SA Bugzilla – Bug 850
Improve SUBJECT_FREQ
Last modified: 2002-12-18 21:24:43 UTC
The SUBJECT_FREQ rule seems likely to run into a lot of false positives, as I have these matching subjects in my spam corpus: Subject: Earn 36% monthly through fully secured accounts receivable acquisitions Subject: This could be your message viewed by millions daily21296 Subject: Refinance and Reduce Monthly Payments Subject: RE: Monthly Cash Deposited-->$16,468 1620CmYu9--9 Subject: (WSCH.OB) Weekly Hot Stock ATRS Subject: Monthly income $. 2,500 or more!!! Subject: Earn $54,420.00 Monthly For Practically Doing NOTHING Subject: Earn $3 to $5 for each envelope you stuff! $2,000+ weekly. Subject: Sick of the daily grind? Getaway now Subject: Earn $54,420.00 Monthly For Practically Doing NOTHING Subject: re: eBay, MAKE A SERIOUS MONTHLY INCOME 5780 It wouldn't be that hard to do if you could match multiple headers in one header rule (or the same header multiple times); otherwise it would require meta rules, and that just seems a bit messy.
It's just not a particularly good rule. Our methods for compensating newsletters leave much to be desired. OVERALL% SPAM% NONSPAM% S/O SCORE NAME 11424 3726 7698 0.33 0.00 (all messages) 100.000 32.616 67.384 0.33 0.00 (all messages as %) 0.902 0.429 1.130 0.28 -1.92 SUBJECT_FREQ It's hard to believe that we have a rule in there assigning -1.92 to 0.429% of my spam.

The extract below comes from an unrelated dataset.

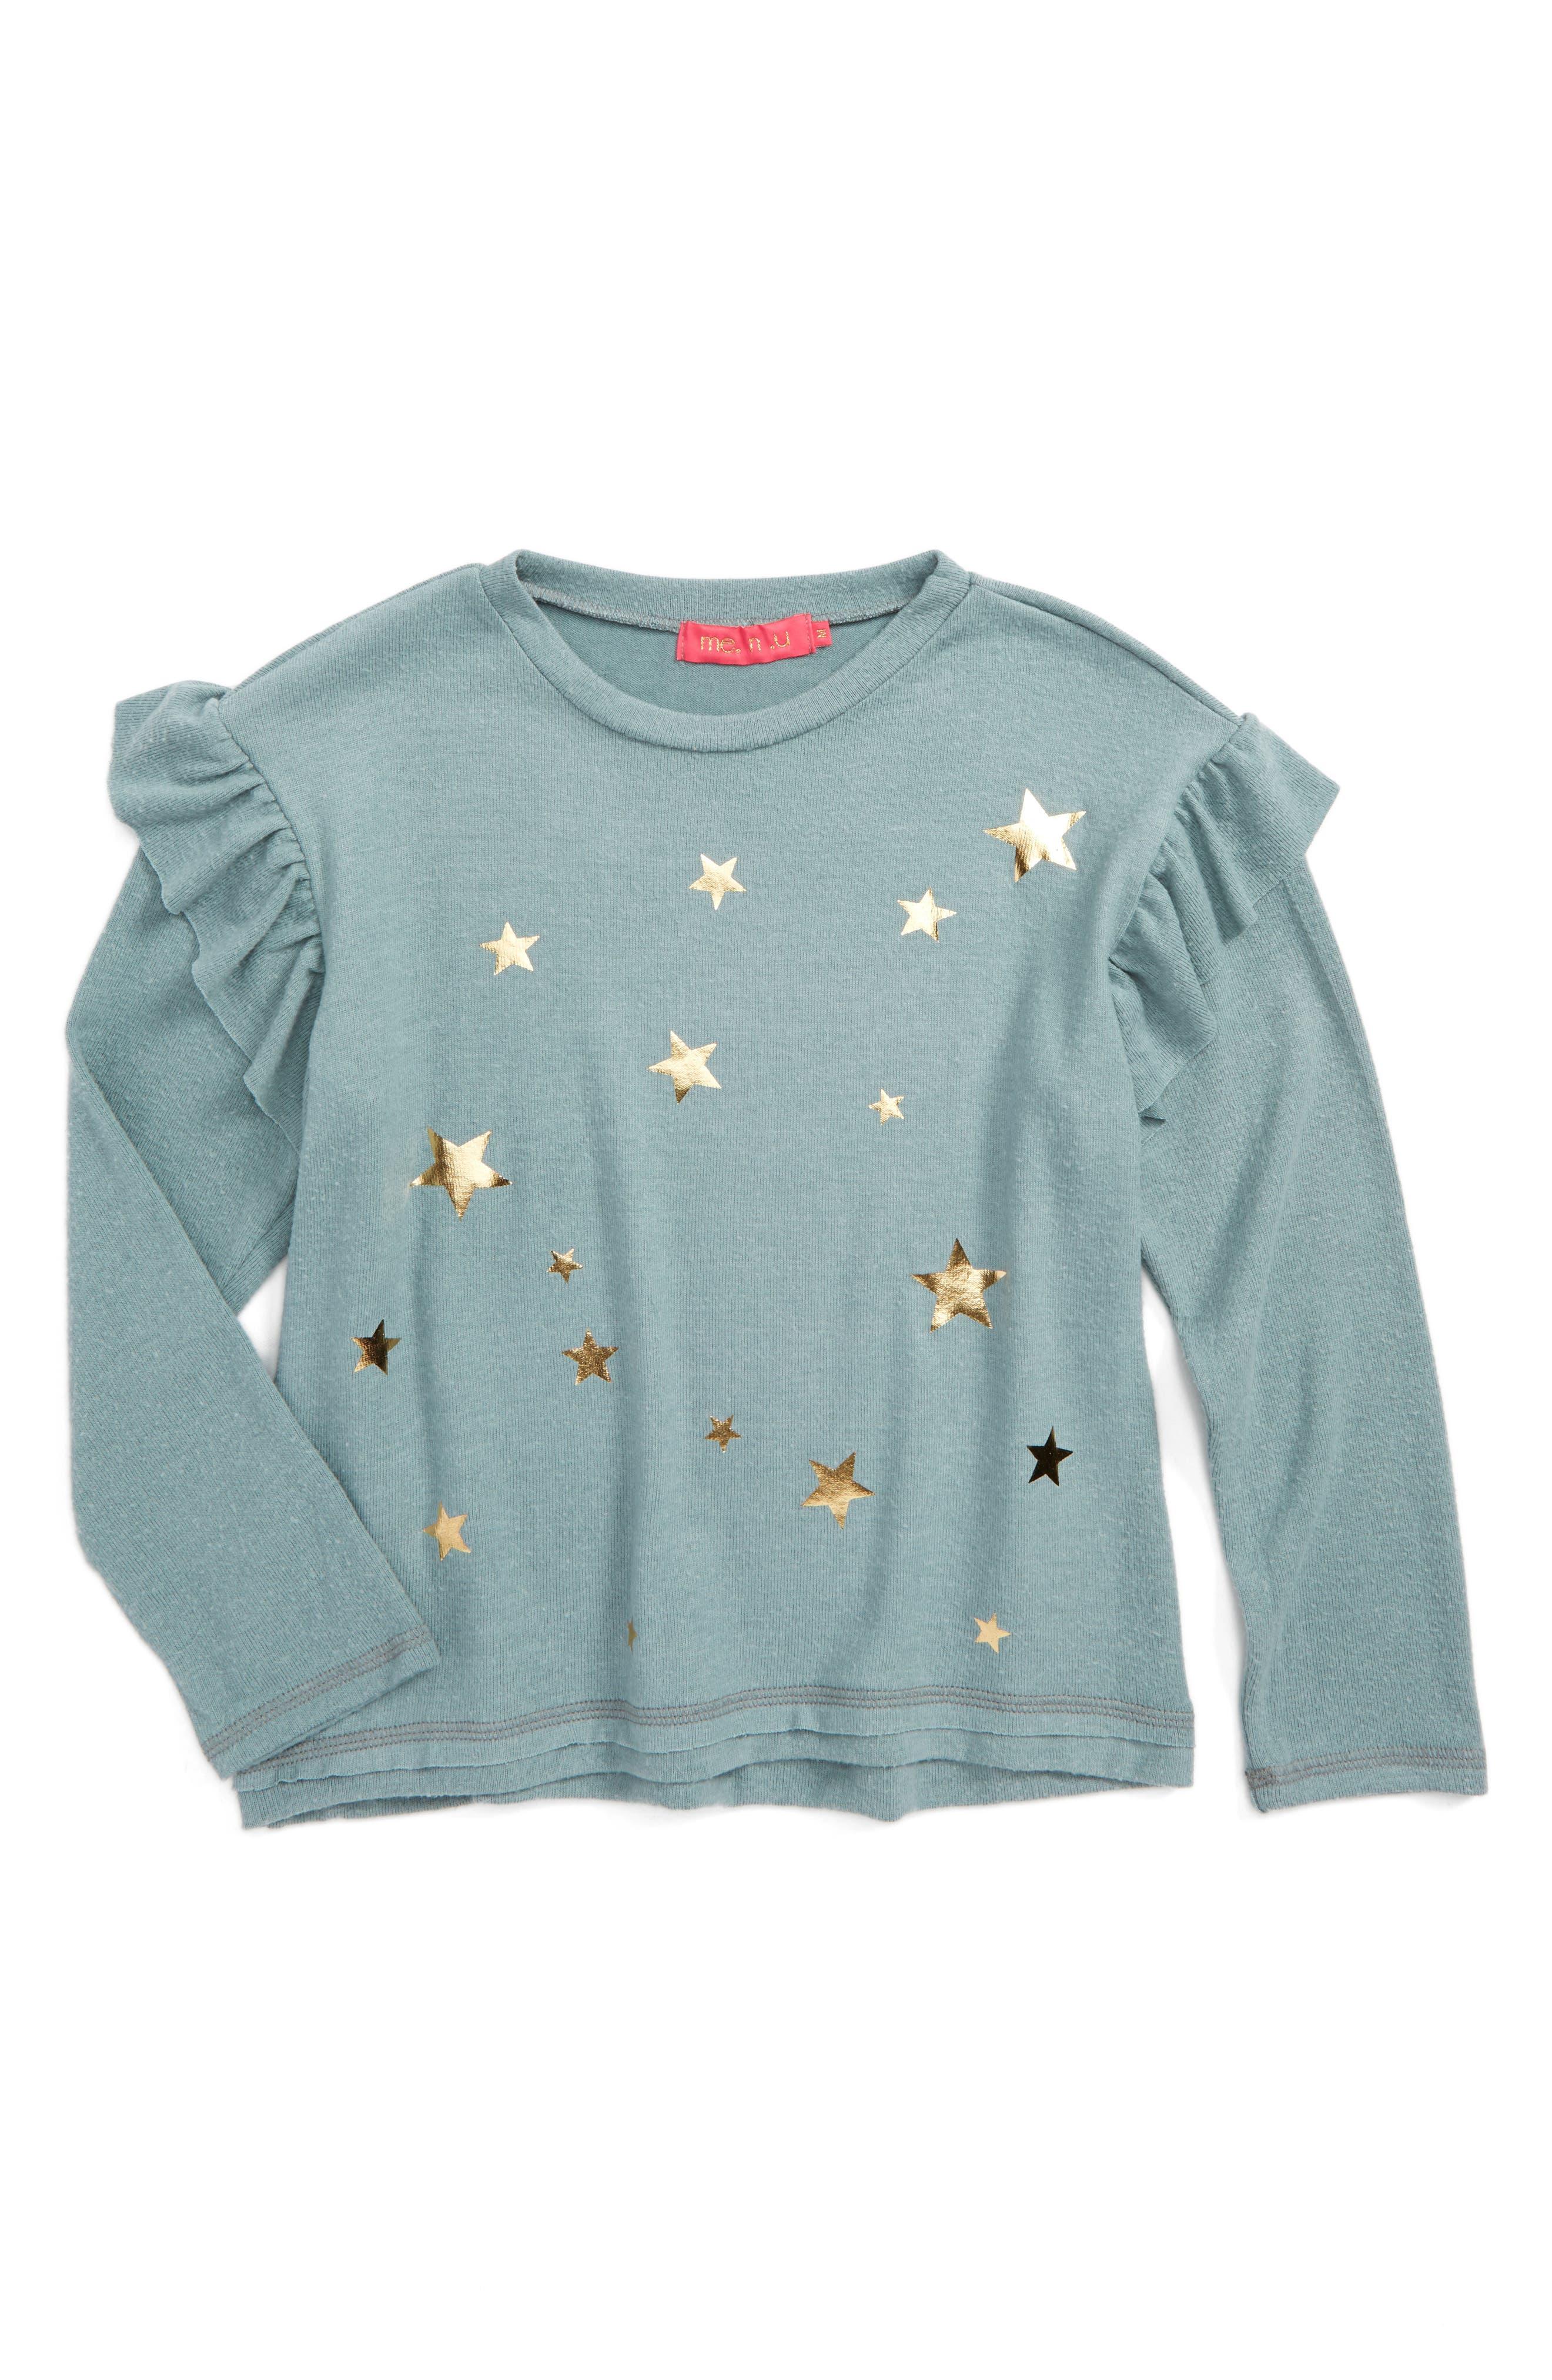 me.n.u Star Print Ruffle Sweatshirt (Big Girls)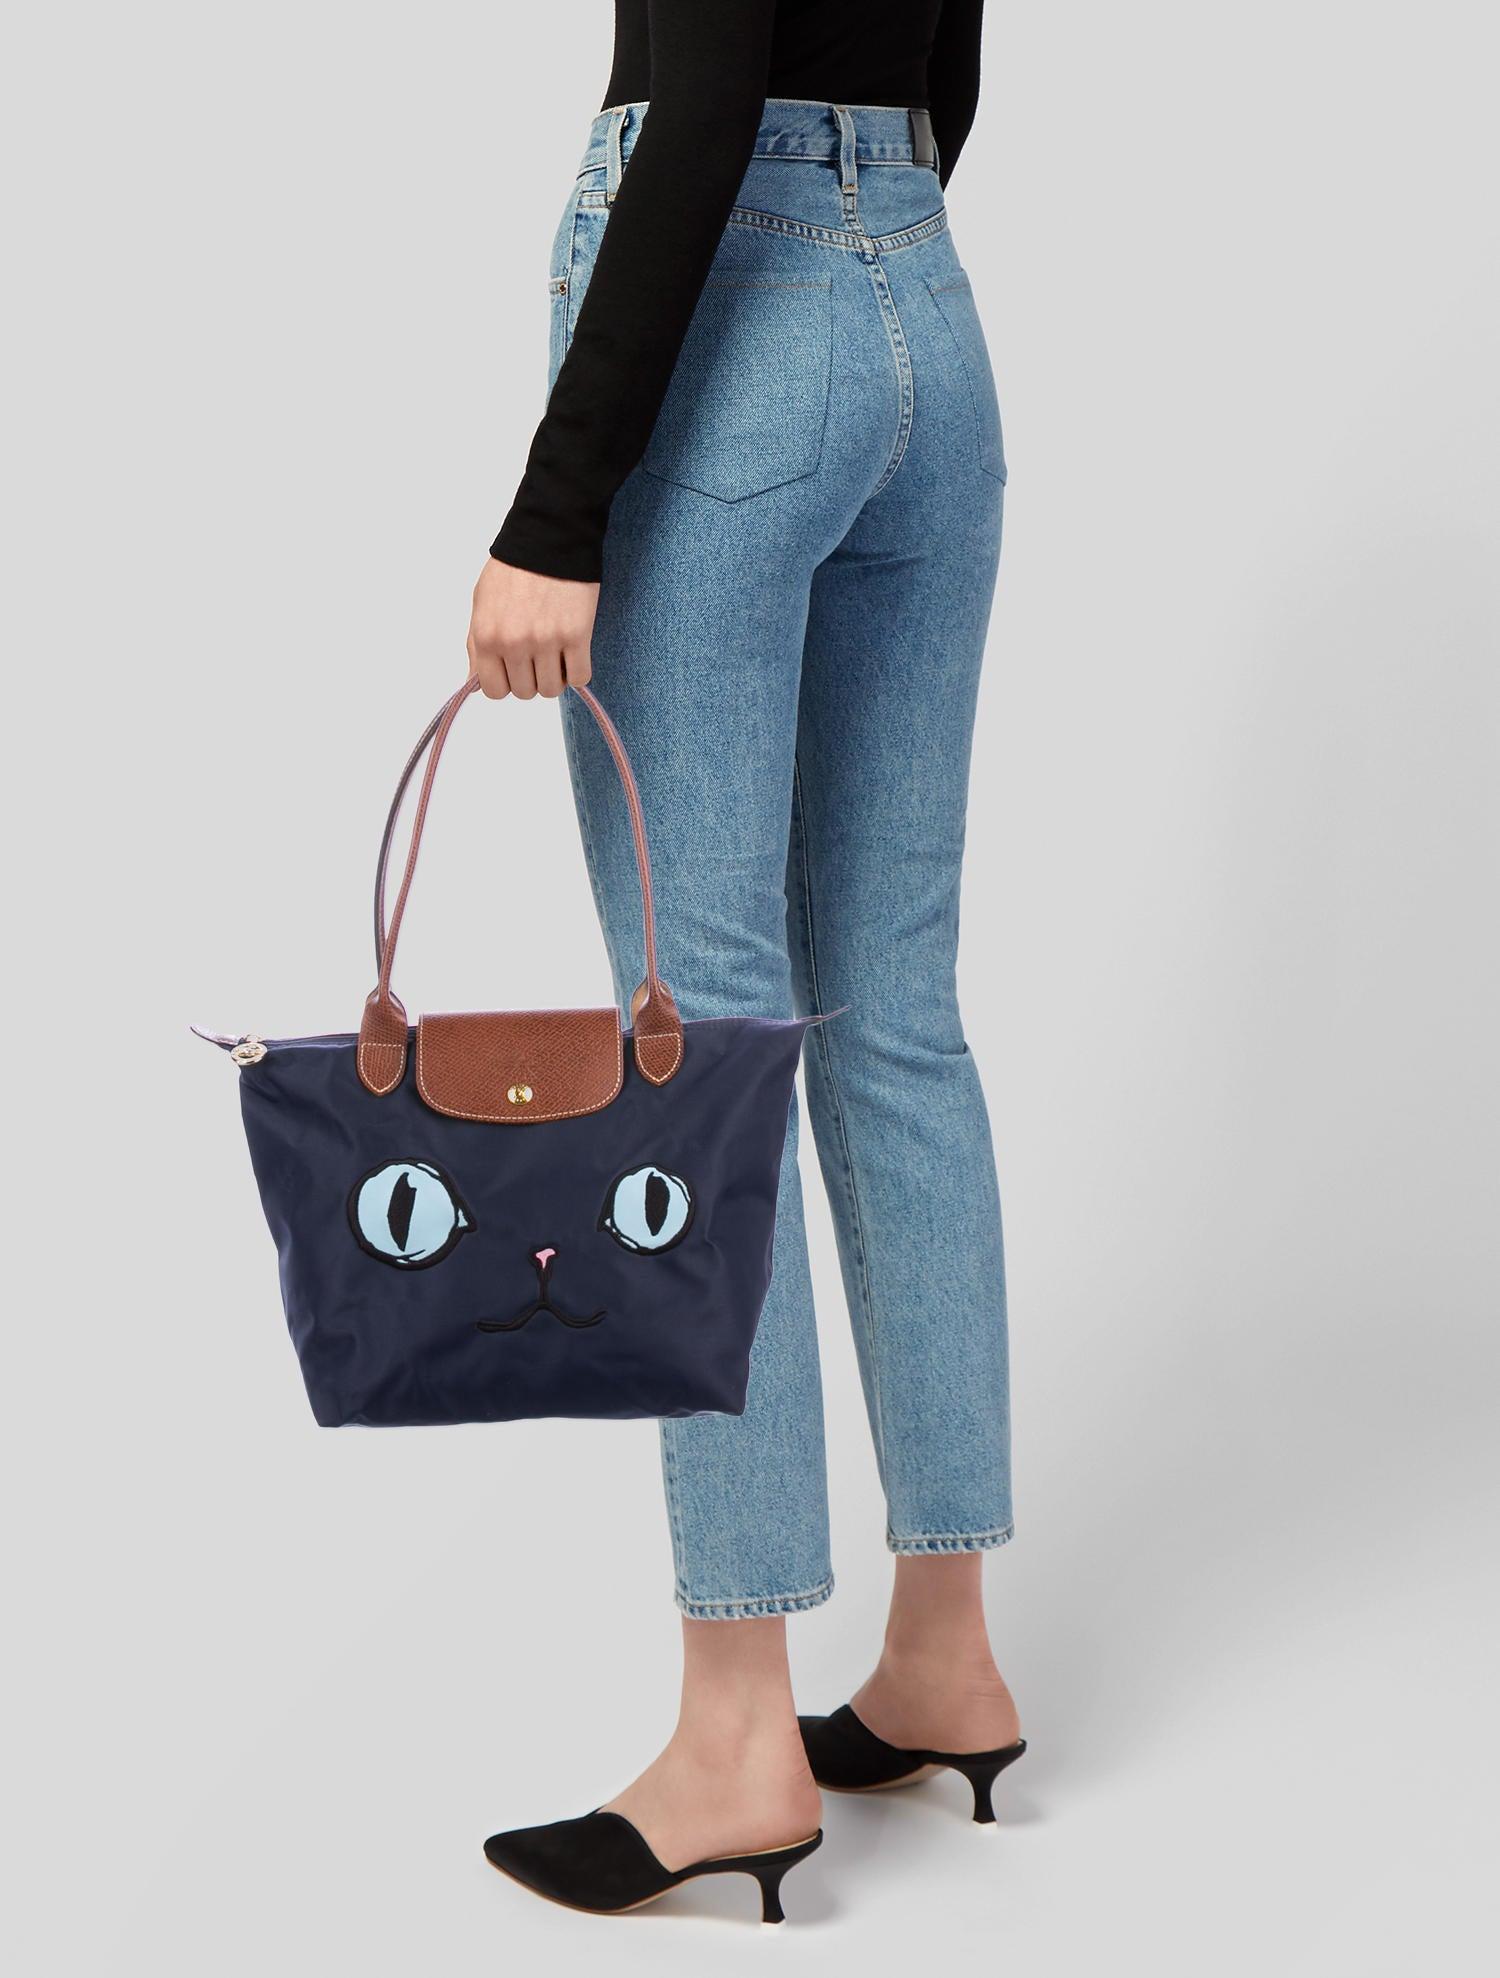 Longchamp Le Pliage Miaou Cat Small Tote - Handbags - WL824247 ...

From bug #933 (a duplicate) -------------------------------------------------------------------------------- Removed SUBJECT_FREQ from HEAD cvs. hit frequencies: OVERALL% SPAM% NONSPAM% S/O RANK SCORE NAME 0.849 0.585 0.901 0.39 0.33 0.00 SUBJECT_FREQ test code from all files in rules dir: header SUBJECT_FREQ Subject =~ /\b(?:monday|daily|weekly|monthly)\b/i describe SUBJECT_FREQ Subject contains a frequency - probable newsletter tflags SUBJECT_FREQ nice If you want to re-add this test to SpamAssassin, please follow up this bug entry, improving the code until the S/O ratio goes above 0.7 (or below 0.3 for nice tests). (automated submission)
*** Bug 933 has been marked as a duplicate of this bug. ***
not up to scratch -- dropping